UPDATE: added generic separator
you can take advantage of boost::make_find_iterator. Something similar to this:
template<typename CH>
inline vector< basic_string<CH> > tokenize(
const basic_string<CH> &Input,
const basic_string<CH> &Delimiter,
bool remove_empty_token
) {
typedef typename basic_string<CH>::const_iterator string_iterator_t;
typedef boost::find_iterator< string_iterator_t > string_find_iterator_t;
vector< basic_string<CH> > Result;
string_iterator_t it = Input.begin();
string_iterator_t it_end = Input.end();
for(string_find_iterator_t i = boost::make_find_iterator(Input, boost::first_finder(Delimiter, boost::is_equal()));
i != string_find_iterator_t();
++i) {
if(remove_empty_token){
if(it != i->begin())
Result.push_back(basic_string<CH>(it,i->begin()));
}
else
Result.push_back(basic_string<CH>(it,i->begin()));
it = i->end();
}
if(it != it_end)
Result.push_back(basic_string<CH>(it,it_end));
return Result;
}
Here's my Swiss® Army Knife of string-tokenizers for splitting up strings by whitespace, accounting for single and double-quote wrapped strings as well as stripping those characters from the results. I used RegexBuddy 4.x to generate most of the code-snippet, but I added custom handling for stripping quotes and a few other things.
#include <string>
#include <locale>
#include <regex>
std::vector<std::wstring> tokenize_string(std::wstring string_to_tokenize) {
std::vector<std::wstring> tokens;
std::wregex re(LR"(("[^"]*"|'[^']*'|[^"' ]+))", std::regex_constants::collate);
std::wsregex_iterator next( string_to_tokenize.begin(),
string_to_tokenize.end(),
re,
std::regex_constants::match_not_null );
std::wsregex_iterator end;
const wchar_t single_quote = L'\'';
const wchar_t double_quote = L'\"';
while ( next != end ) {
std::wsmatch match = *next;
const std::wstring token = match.str( 0 );
next++;
if (token.length() > 2 && (token.front() == double_quote || token.front() == single_quote))

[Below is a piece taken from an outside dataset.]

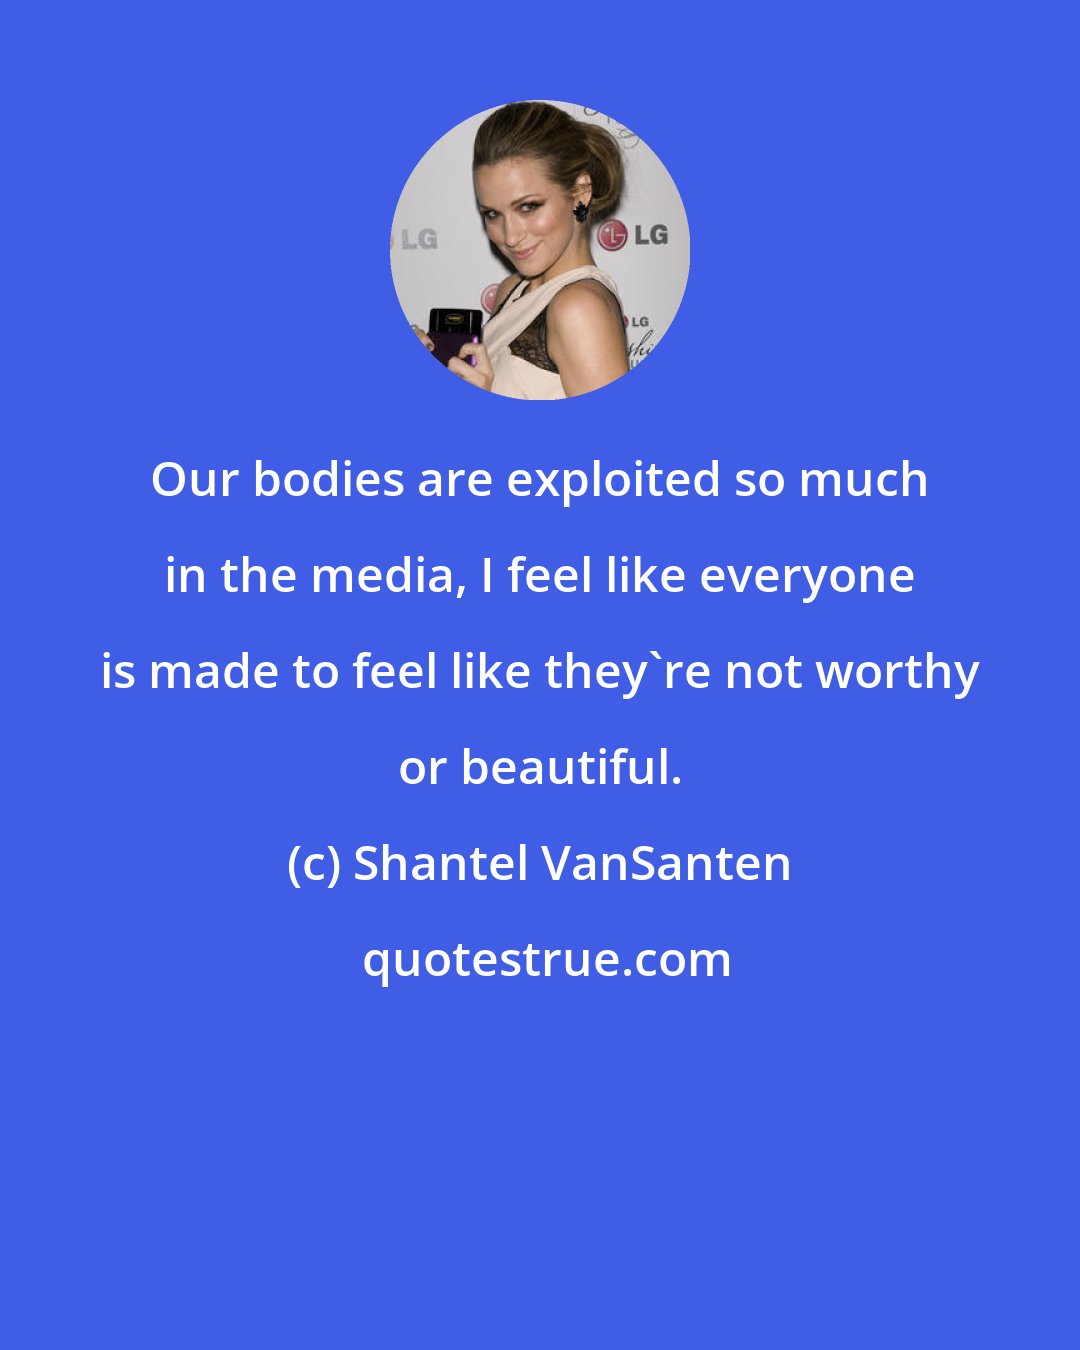 Shantel VanSanten: Our bodies are exploited so much in the media, I feel like everyone is made to feel like they're not worthy or beautiful.

tokens.emplace_back( std::wstring(token.begin()+1, token.begin()+token.length()-1) );
else
tokens.emplace_back(token);
}
return tokens;
}
I wrote a simplified version (and maybe a little bit efficient) of https://stackoverflow.com/a/50247503/3976739 for my own use. I hope it would help.
void StrTokenizer(string& source, const char* delimiter, vector<string>& Tokens)
{
size_t new_index = 0;
size_t old_index = 0;
while (new_index != std::string::npos)
{
new_index = source.find(delimiter, old_index);
Tokens.emplace_back(source.substr(old_index, new_index-old_index));
if (new_index != std::string::npos)
old_index = ++new_index;
}
}
If the maximum length of the input string to be tokenized is known, one can exploit this and implement a very fast version. I am sketching the basic idea below, which was inspired by both strtok() and the "suffix array"-data structure described Jon Bentley's "Programming Perls" 2nd edition, chapter 15. The C++ class in this case only gives some organization and convenience of use. The implementation shown can be easily extended for removing leading and trailing whitespace characters in the tokens.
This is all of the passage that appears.